Eiser heeft tegen dit besluit bezwaar gemaakt.
Verweerder heeft het bezwaar bij besluit van 29 november 2001 ongegrond verklaard.
Tegen dit besluit heeft eiser beroep ingesteld bij de rechtbank.
Bij uitspraak van 12 juli 2002 heeft de rechtbank het beroep van eiser gegrond verklaard en daarbij onder meer bepaald dat verweerder een nieuw besluit op het bezwaarschrift van eiser diende te nemen.
Eiser heeft op 11 oktober 2002 beroep ingesteld tegen het uitblijven van een beslissing op zijn bezwaarschrift.
2. Overwegingen.
Ingevolge artikel 8:1, eerste lid, van de Algemene wet bestuursrecht (Awb) kan een belanghebbende tegen een besluit beroep instellen bij de rechtbank.
Op grond van artikel 6:2 van de Awb worden voor de toepassing van wettelijke voorschriften over bezwaar en beroep met een besluit gelijkgesteld:
a. de schriftelijke weigering een besluit te nemen, en
b. het niet tijdig nemen van een besluit.
Ingevolge artikel 7:10, eerste lid, van de Awb beslist het bestuursorgaan binnen zes weken of - indien een commissie als bedoeld in artikel 7:13 is ingesteld - binnen tien weken na ontvangst van een bezwaarschrift.
Uit het systeem van (afdeling 7.2) van de Awb volgt dat een bestuursorgaan tijdig op het bezwaar dient te beslissen, ook indien het het nemen van een nieuw besluit op bezwaar na vernietiging door de rechtbank betreft.
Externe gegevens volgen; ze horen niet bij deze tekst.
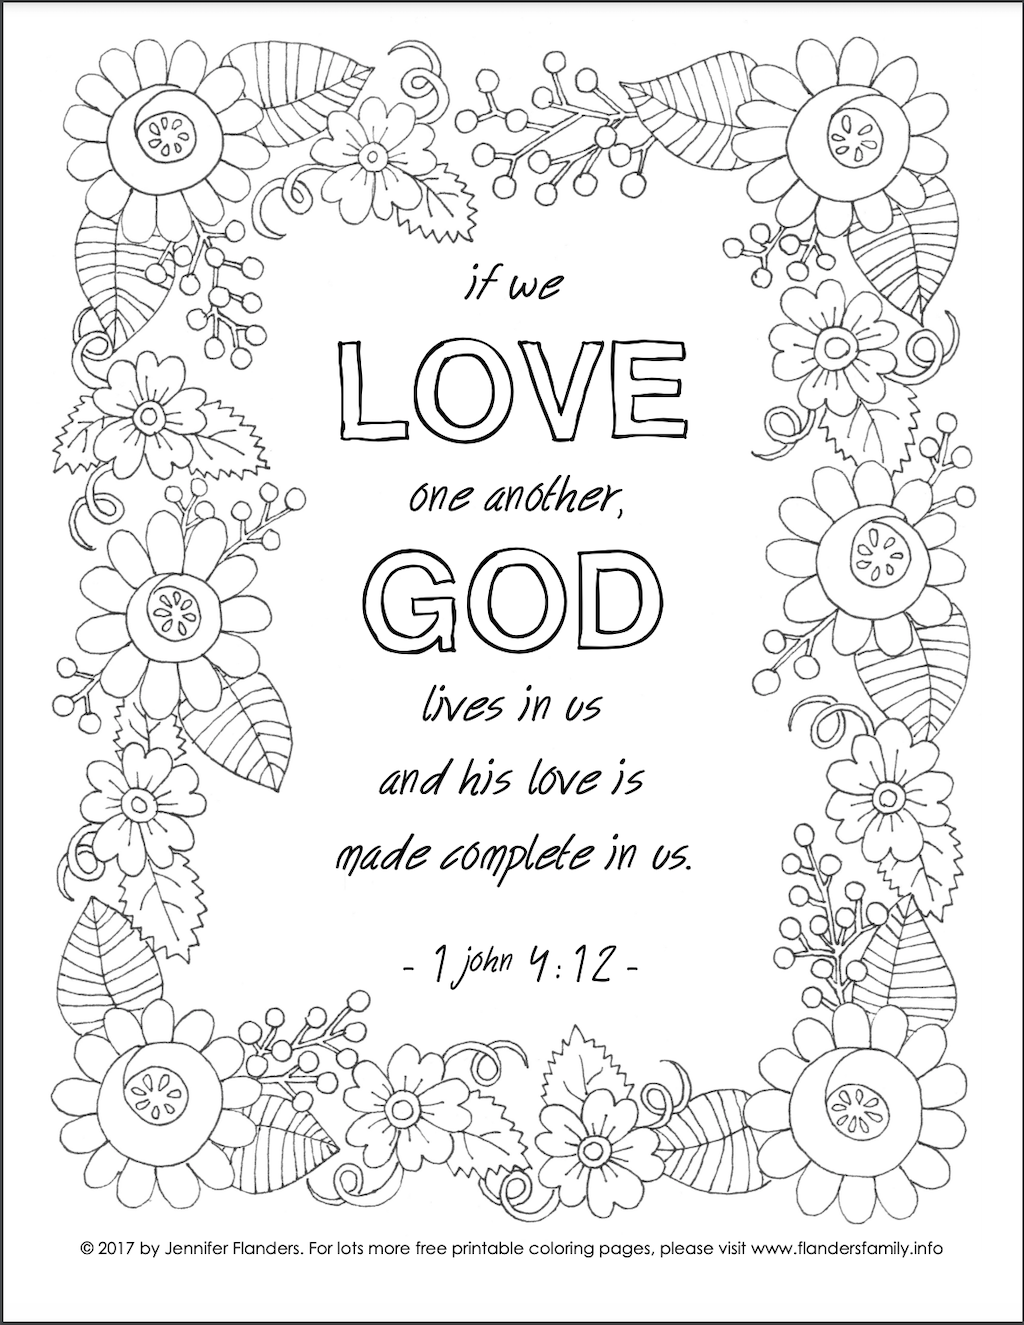 love made complete coloring page flanders family homelife

Vastgesteld kan worden dat verweerder niet tijdig op het bezwaar heeft beslist, zodat eisers beroep gegrond dient te worden verklaard.
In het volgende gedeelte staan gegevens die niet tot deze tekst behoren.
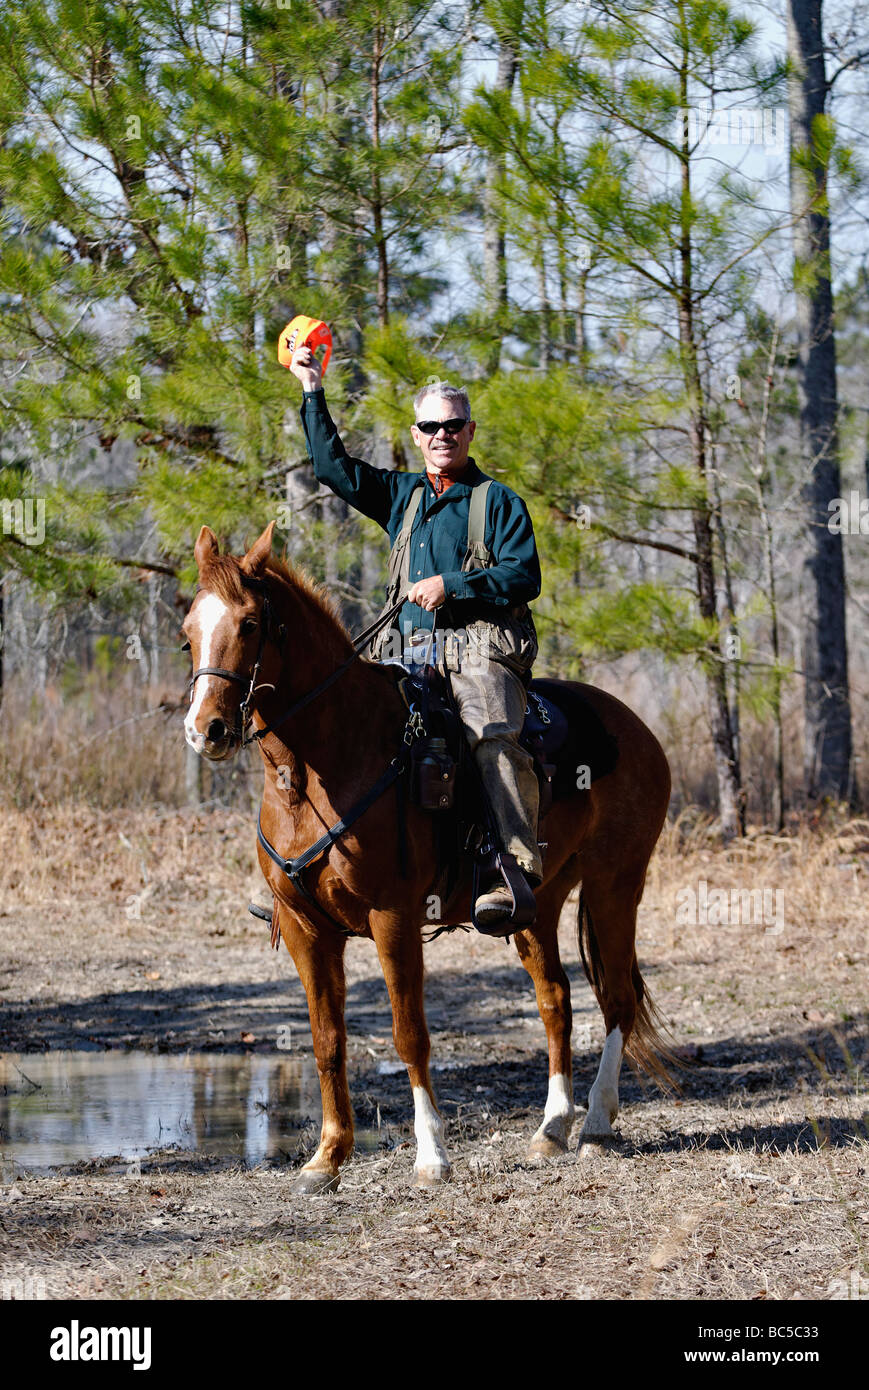 Dog Trainer George Hickox on Horseback Signalling that a Dog is on Point during Quail Hunt in the Piney Woods of Georgia Stock Photo

De rechtbank ziet aanleiding te bepalen dat verweerder binnen zes weken na verzending van deze uitspraak een besluit op het bezwaar van eiser neemt. Voor het opleggen van een dwangsom ziet de rechtbank geen reden.
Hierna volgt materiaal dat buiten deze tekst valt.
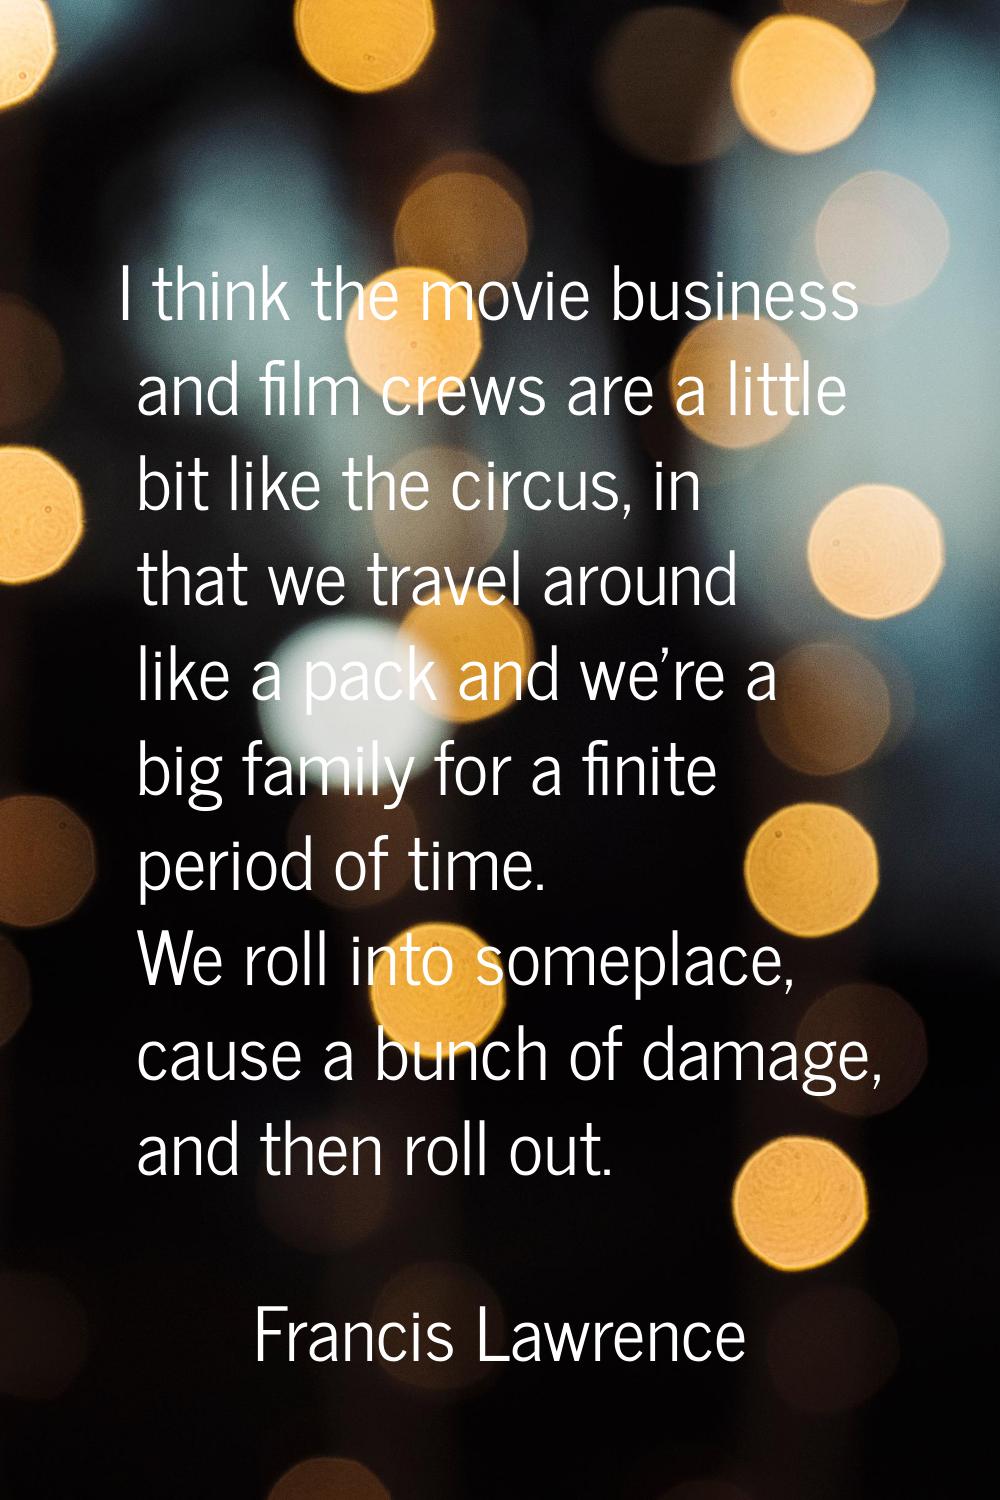 I think the movie business and film crews are a little bit like the circus, in that we travel aroun

Vorenstaande leidt tot de volgende uitspraak.
3. Uitspraak.
De Rechtbank Middelburg,
verklaart het beroep gegrond;
vernietigt het fictieve besluit;
bepaalt dat verweerder binnen zes weken na verzending van deze uitspaak een besluit neemt op het bezwaarschrift van eiser;
bepaalt dat de Minister van Verkeer en Waterstaat aan eiser het door hem betaalde griffierecht ten bedrage van € 109,- (honderd en negen euro) vergoedt.
Aldus gewezen en in het openbaar uitgesproken op 12 december 2002
door mr. T. Damsteegt, in tegenwoordigheid van A.F. van Leest, griffier.
w.g. A.F. van Leest w.g. mr. T. Damsteegt
Afschrift verzonden op:
Ingevolge artikel 8:55, eerste lid, van de Algemene wet bestuursrecht kan een belanghebbende tegen deze uitspraak verzet doen bij de rechtbank. Het doen van verzet geschiedt door een gemotiveerd verzetschrift in te dienen bij de rechtbank binnen een termijn van zes weken na de dag van verzending van deze uitspraak. De indiener van het verzetschrift kan daarbij vragen in de gelegenheid te worden gesteld over het verzet te worden gehoord.